За решетками кабинета слегка просветлело, пролетела ворона с пронзительным воплем; все вздрогнули.
— В конце концов майор его «расколол», — говорил Саня, — но после отчаянного сопротивления. Он боялся Любы, потому что чувствовал в ней силу и решительность пойти на все, до конца. «Шеф» блестящий организатор, но не исполнитель. Так, он не смог «устранить» меня, хотя возможностей было более чем достаточно.

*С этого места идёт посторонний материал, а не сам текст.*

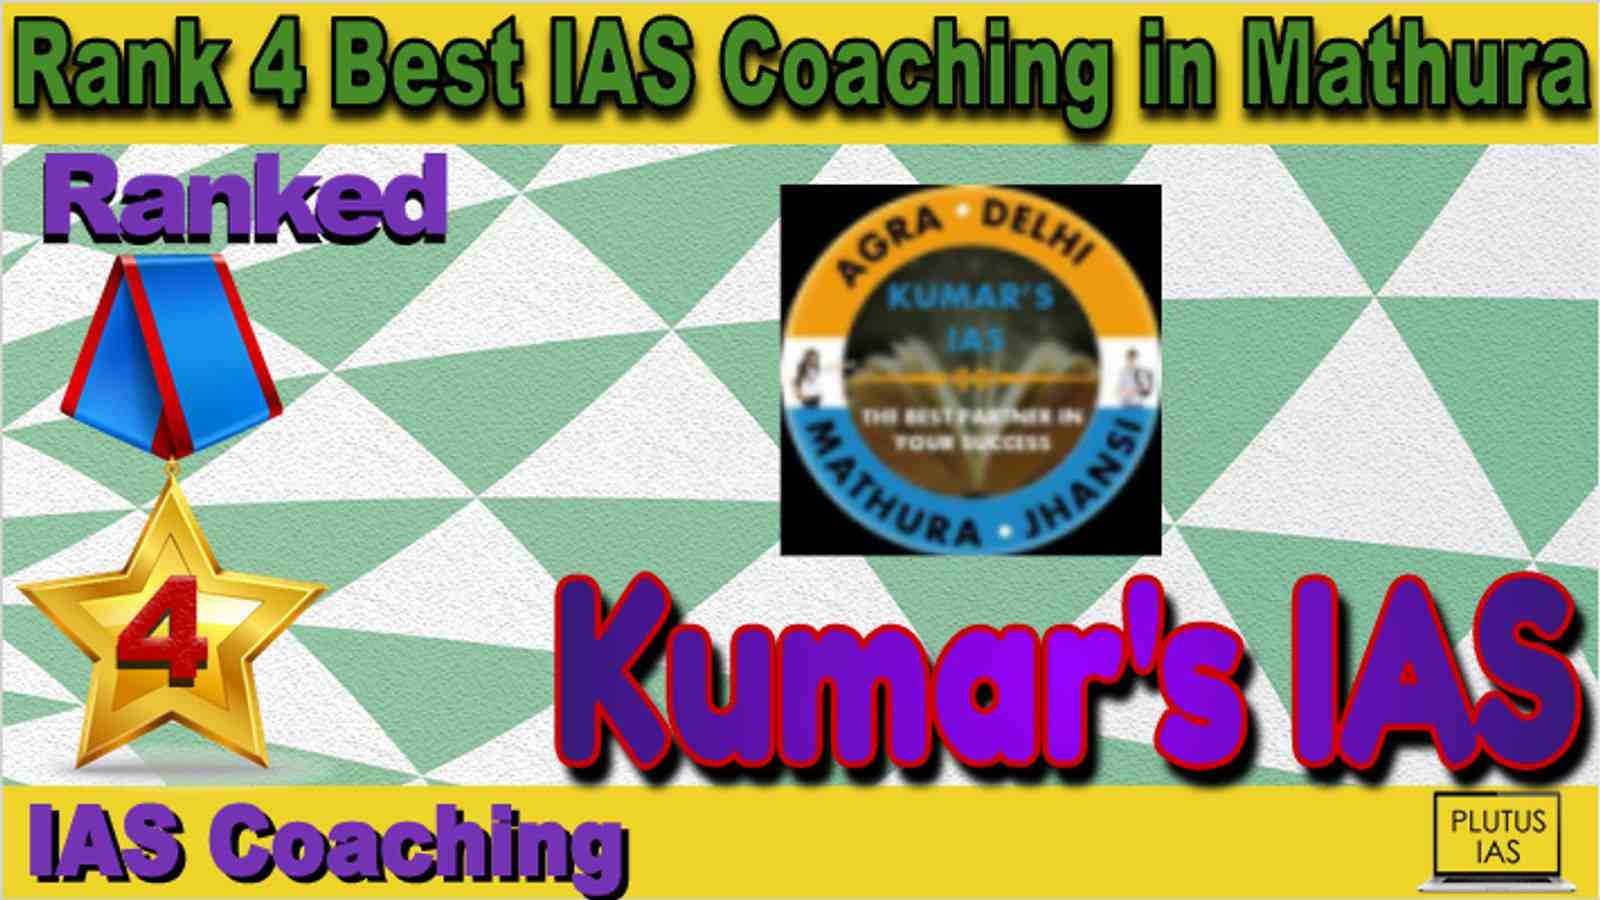 Rank 4 Best IAS Coaching in Mathura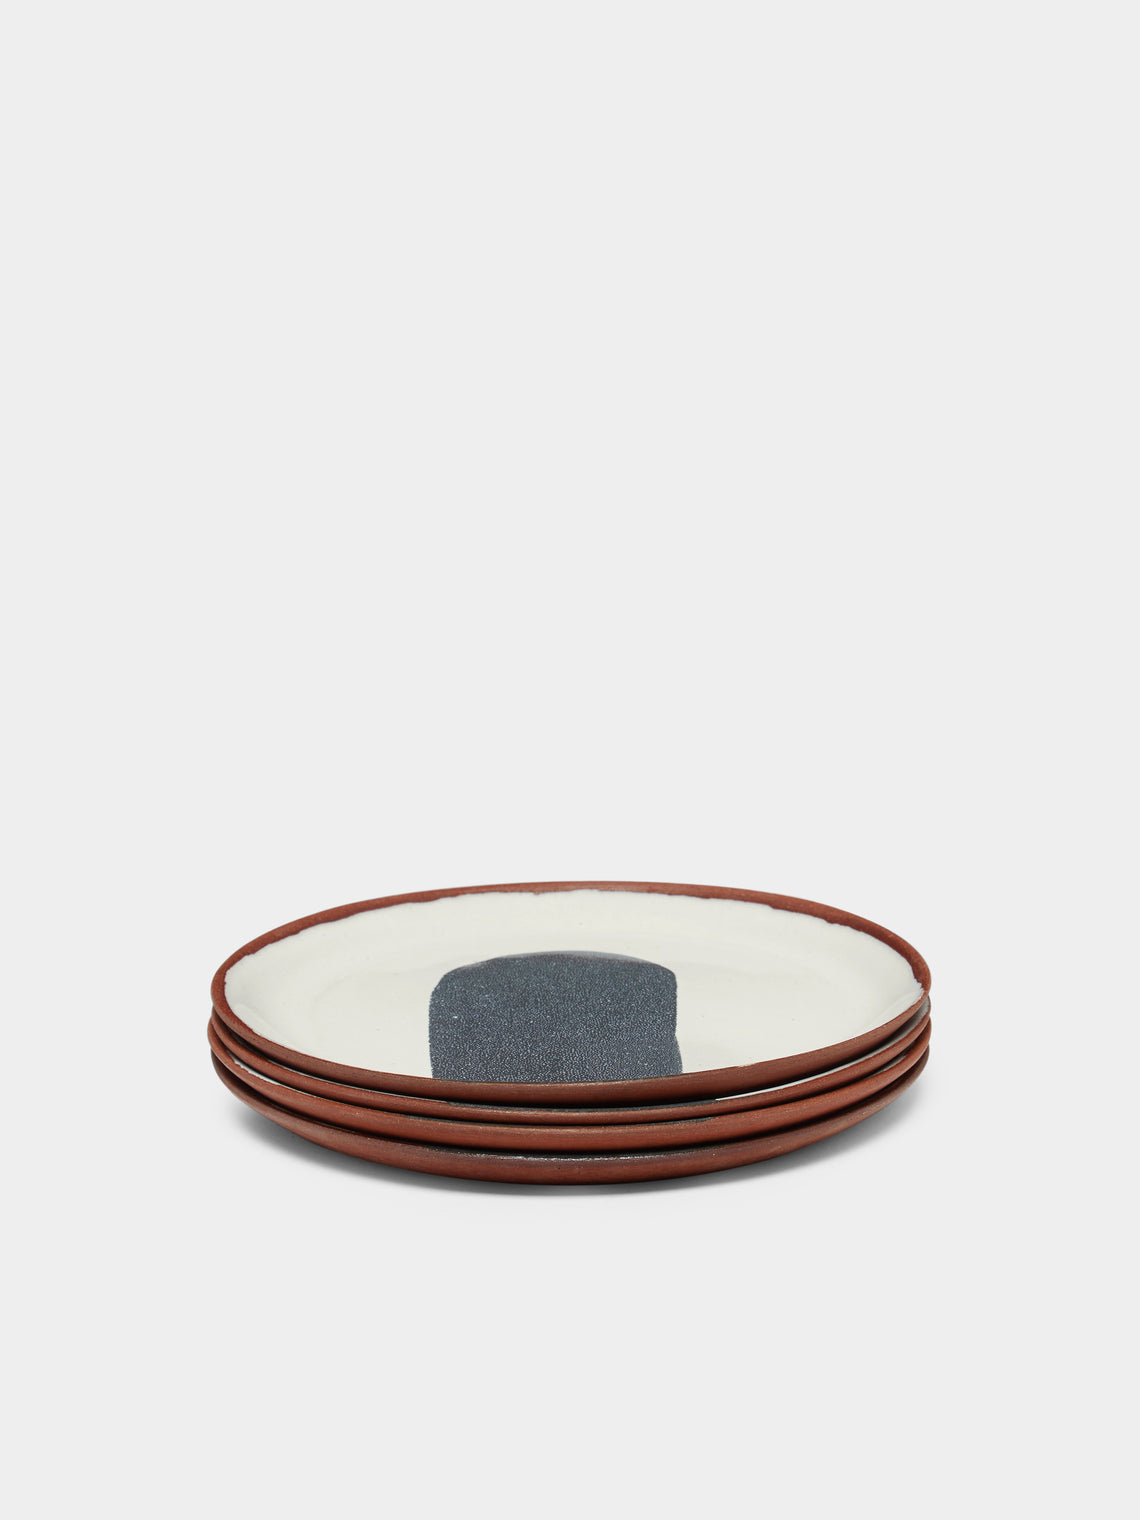 Silvia K Ceramics - Hand-Glazed Terracotta Small Plates (Set of 4) -  - ABASK

— Ну, не знаю, — протянула тетка. — По-моему, он пришел ночью в сад, чтоб убить тебя.
— Он не может, как он выразился, «физически». Мечта, замысел, заговор: соблазн свободы через убийство созревал подсознательно. И все же не знаю, решился бы он на него, кабы не толчок — смерть сына.
— Любаша убила его сына? — изумилась Настя; изумились все три женщины.
— Не совсем так… но косвенно. Тетя Май, вы как-то упомянули про страшное чувство неполноценности, которое может превратиться в натуральную манию у некоторых женщин. Помните наш другой разговор? Донцовы любят друг друга, как вы когда-то с мужем…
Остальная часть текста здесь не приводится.